For now, fixtures are per-check: each check call receives a fresh instance.

Example:
```python
@fixture
def tmp_path():
    import tempfile, shutil
    path = tempfile.mkdtemp()
    try:
        yield path
    finally:
        shutil.rmtree(path)

@check
def can_write_tmp(tmp_path):
    import os
    test_file = os.path.join(tmp_path, "test")
    with open(test_file, "w") as f:
        f.write("ok")
    return (Status.PASS, f"wrote to {test_file}")
```

### Runner
The runner discovers all facts, fixtures, and checks, evaluates selectors, expands parametrization, resolves dependencies, executes checks, and collects results.

Output structure:
```json
{
  "overall": "PASS",
  "counts": {"PASS": 2, "FAIL": 1, "WARN": 0, "SKIP": 0, "ERROR": 0},
  "items": [
    {"id": "os_is_ubuntu", "status": "PASS", "evidence": "os=ubuntu"},
    {"id": "mount_present[/data]", "status": "PASS", "evidence": "/data present"},
    {"id": "mount_present[/logs]", "status": "FAIL", "evidence": "/logs missing"}
  ]
}
```
The `overall` field is computed by severity ordering: `ERROR > FAIL > WARN > PASS`.

---

### Plugins

Mr.
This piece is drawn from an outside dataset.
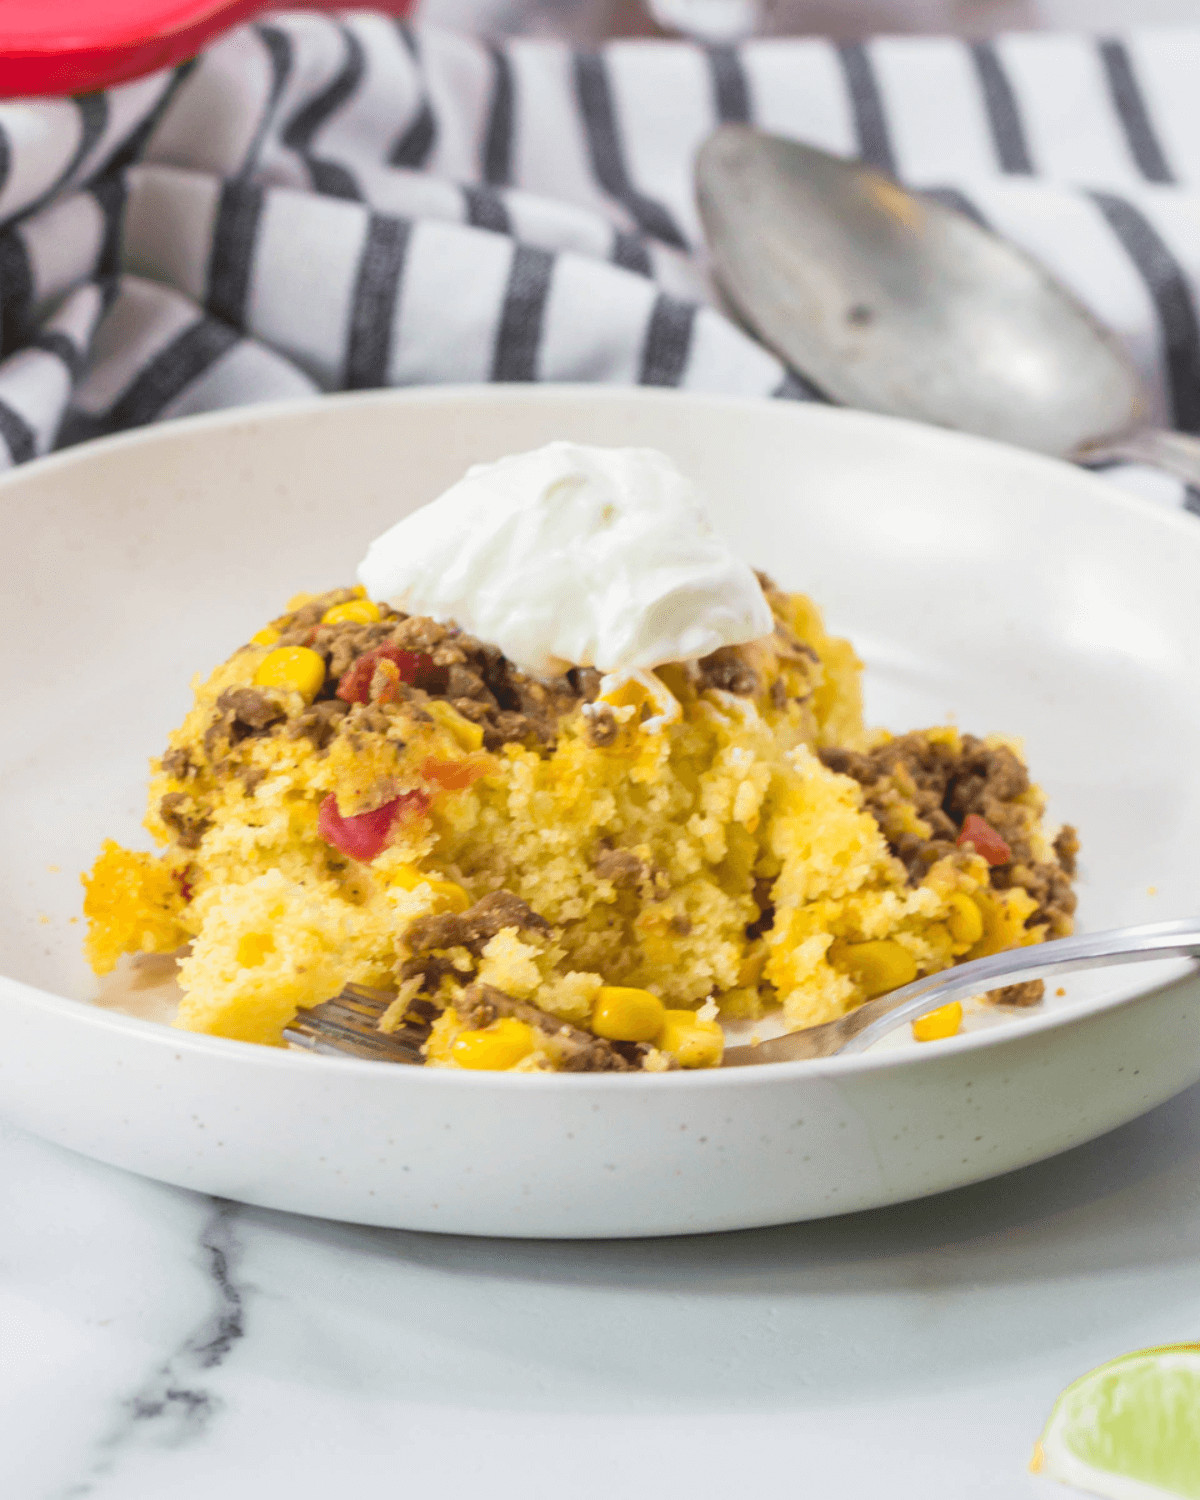 A bowl of Cowboy Cornbread Casserole with mixed vegetables, ground meat, and a dollop of sour cream, accompanied by a spoon on a striped cloth background.

Kot can discover and load external plugins that register facts, fixtures, and checks at import time.

- **Discovery sources**
  - Entry points: installed distributions that declare the entry-point group `mr_kot.plugins` are discovered and imported.
  - Explicit list: pass modules via the CLI `--plugins pkg1,pkg2` to import them first, in order.

- **Order and dedup**
  - CLI `--plugins` are imported first (left to right), then entry-point plugins sorted by their entry-point name.
  - If the same module appears in both, it is imported only once.

- **Uniqueness rule**
  - IDs (function names) must be unique across all loaded plugins and the current module; collisions abort the run.